(WHAT YOU ARE ASKED TO DO)
Every entry should be duplicated verbatim, and no picture may appear in the copy.

(GIVEN DATA)
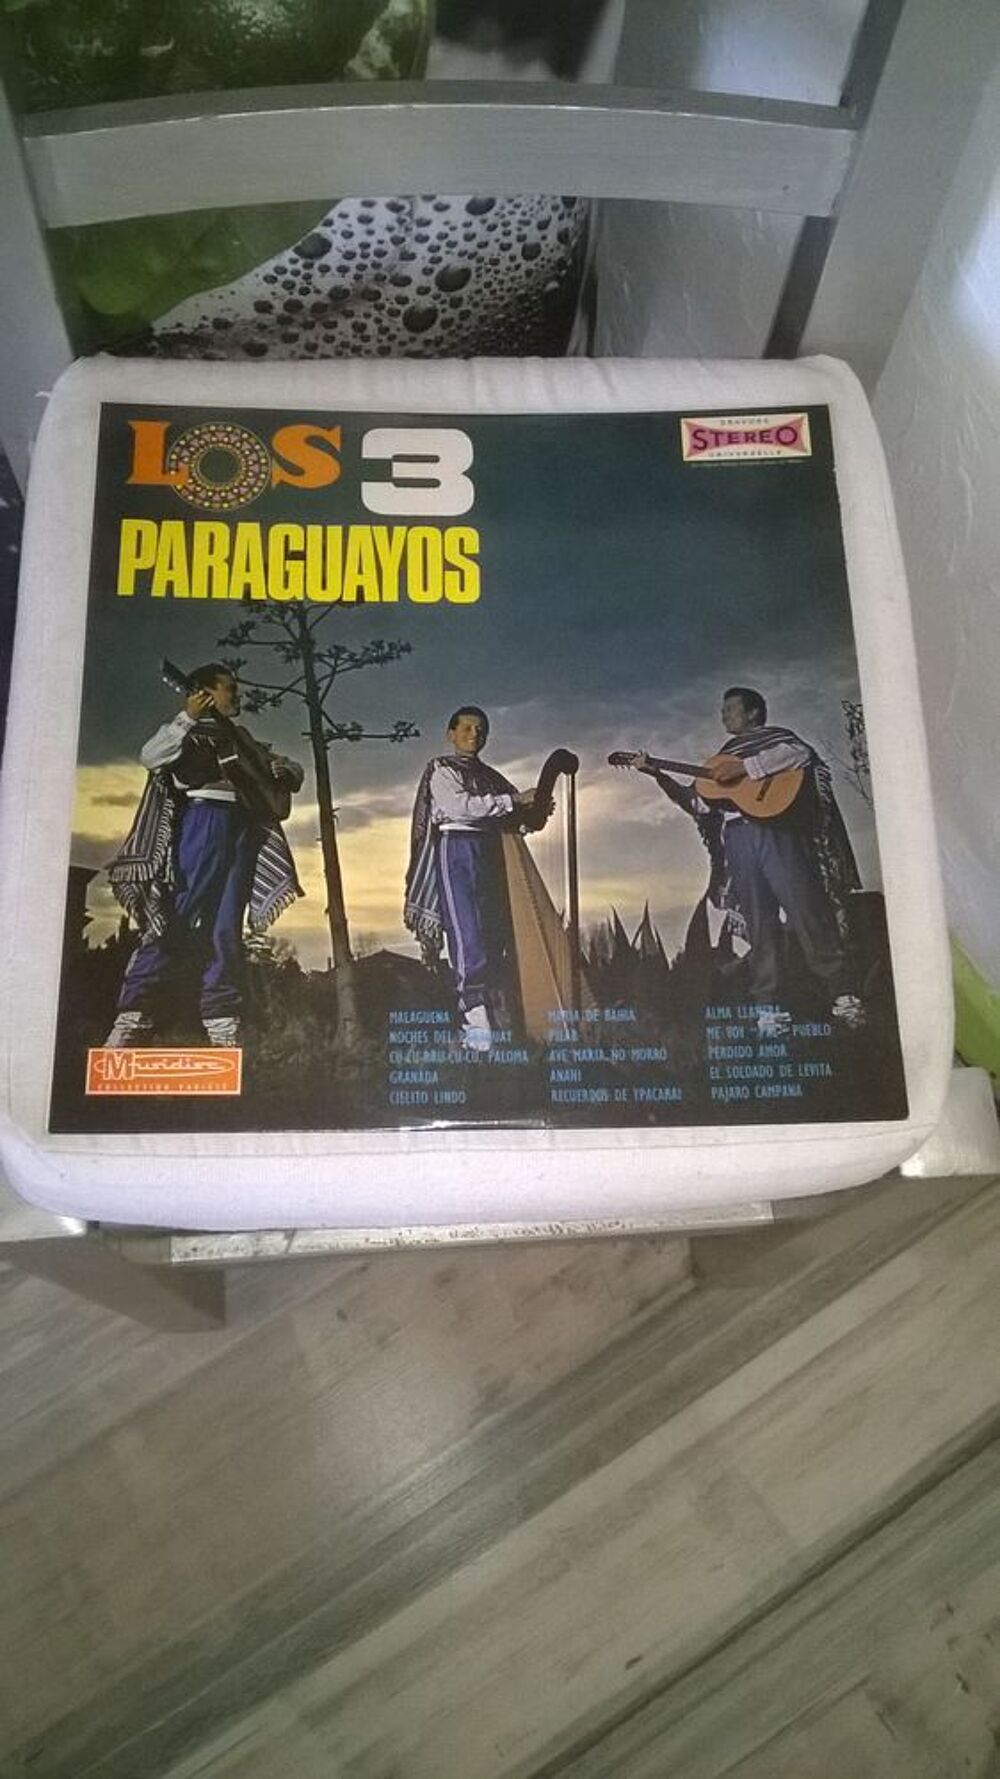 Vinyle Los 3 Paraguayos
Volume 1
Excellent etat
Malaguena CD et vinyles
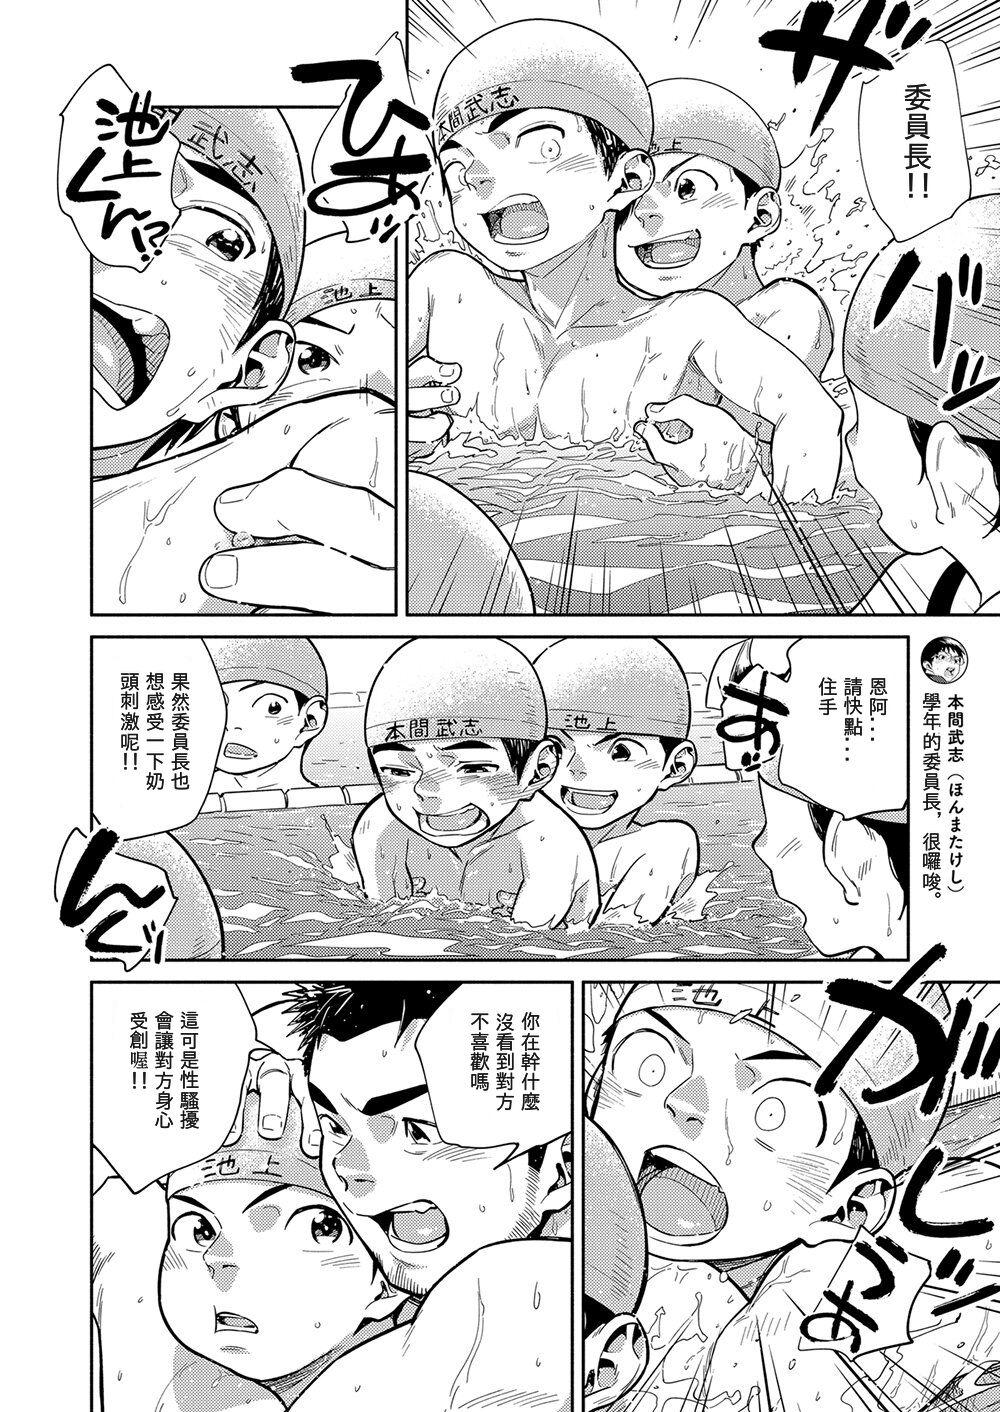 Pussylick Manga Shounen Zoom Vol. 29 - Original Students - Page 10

(SOLUTION TO THIS EXERCISE)
 Vinyle Los 3 Paraguayos
Volume 1
Excellent etat
Malaguena CD et vinyles
 Pussylick Manga Shounen Zoom Vol. 29 - Original Students - Page 10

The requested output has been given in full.